But the binary frame wasn't necessarily the right frame. Maybe a model that ranks stocks against each other, instead of trying to predict any individual line's fate, can find structure the lattice can't. We thought we'd find out. Take a strict geometric trend-line definition (two confirmed swing points, a greedy envelope scan, no hand-drawing, no vibes), apply it to ~3,800 stocks across decades, score every candidate feature, ask the only question that matters: does any of this carry signal?
Spoiler from sixteen experiments: yes, some, but only after we stopped pretending the problem was easy.

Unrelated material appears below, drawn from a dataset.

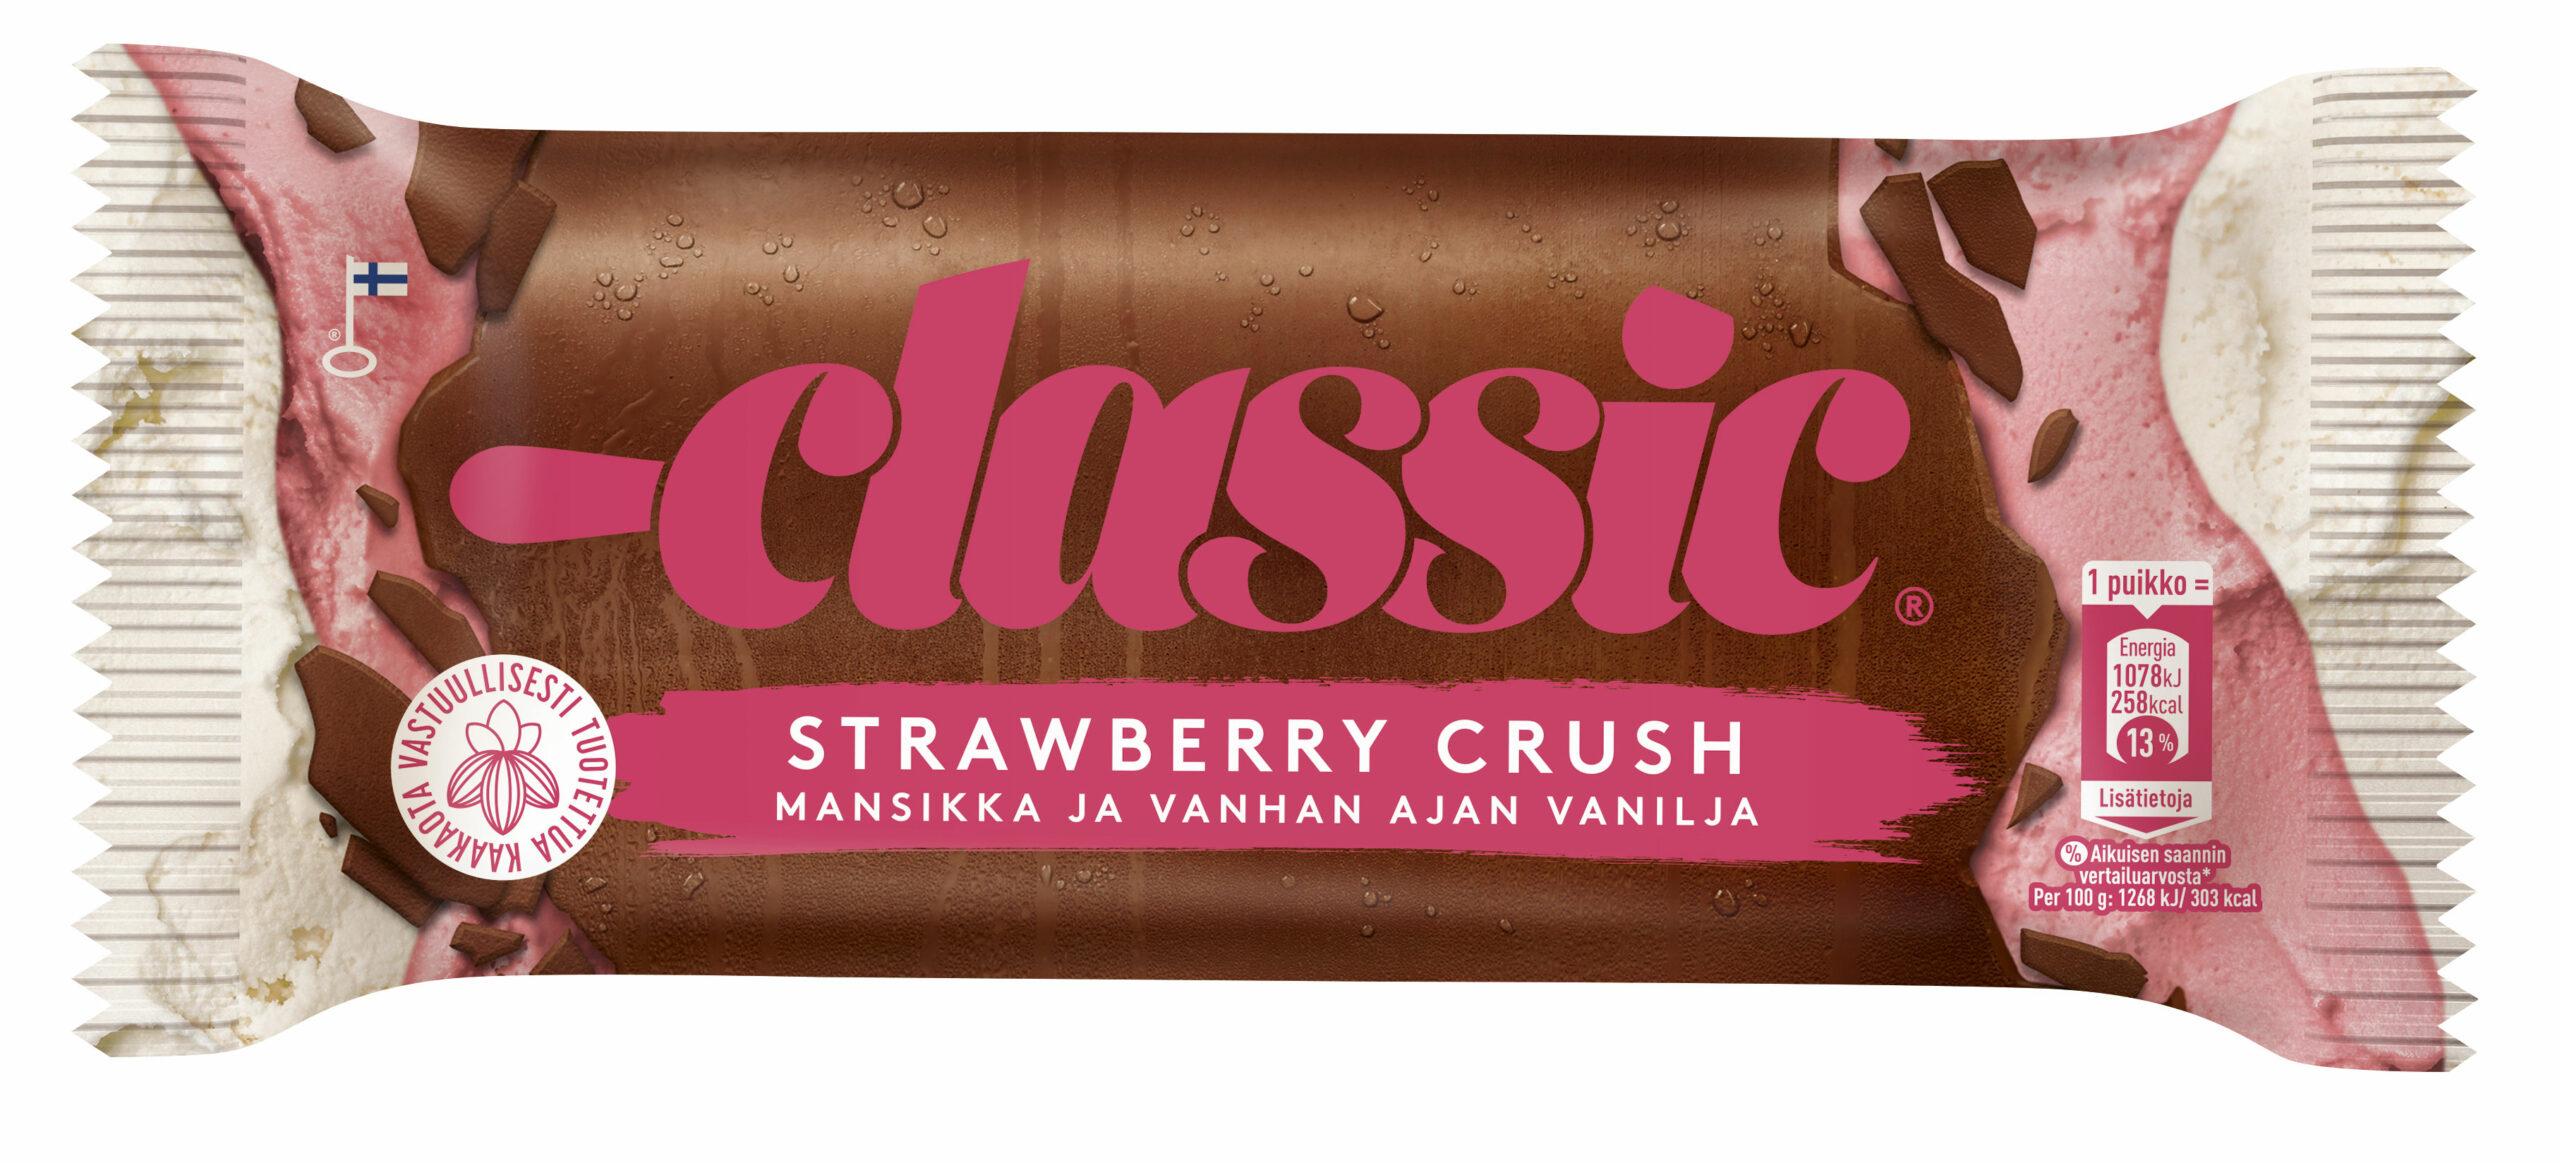 Classis Strawberry Crush -jäätelön kääre

Experiments 1 through 6: the great regression collapse
We started with the obvious thing — predict the percentage return at 30, 60, 90, and 120 days from a tabular feature vector. LightGBM, thirty-three features, one model per horizon. It got 53% directional accuracy. A coin flip wears that as a Halloween costume.
So we went to convnets. The first was a small dilated CNN, 76,000 parameters. It managed 55–57%, swinging ±10pp between batches like a drunk pendulum. We grew it to 1.76 million parameters with attention pooling and forty-two regression outputs across multiple horizons. This was, in retrospect, an act of architectural arson.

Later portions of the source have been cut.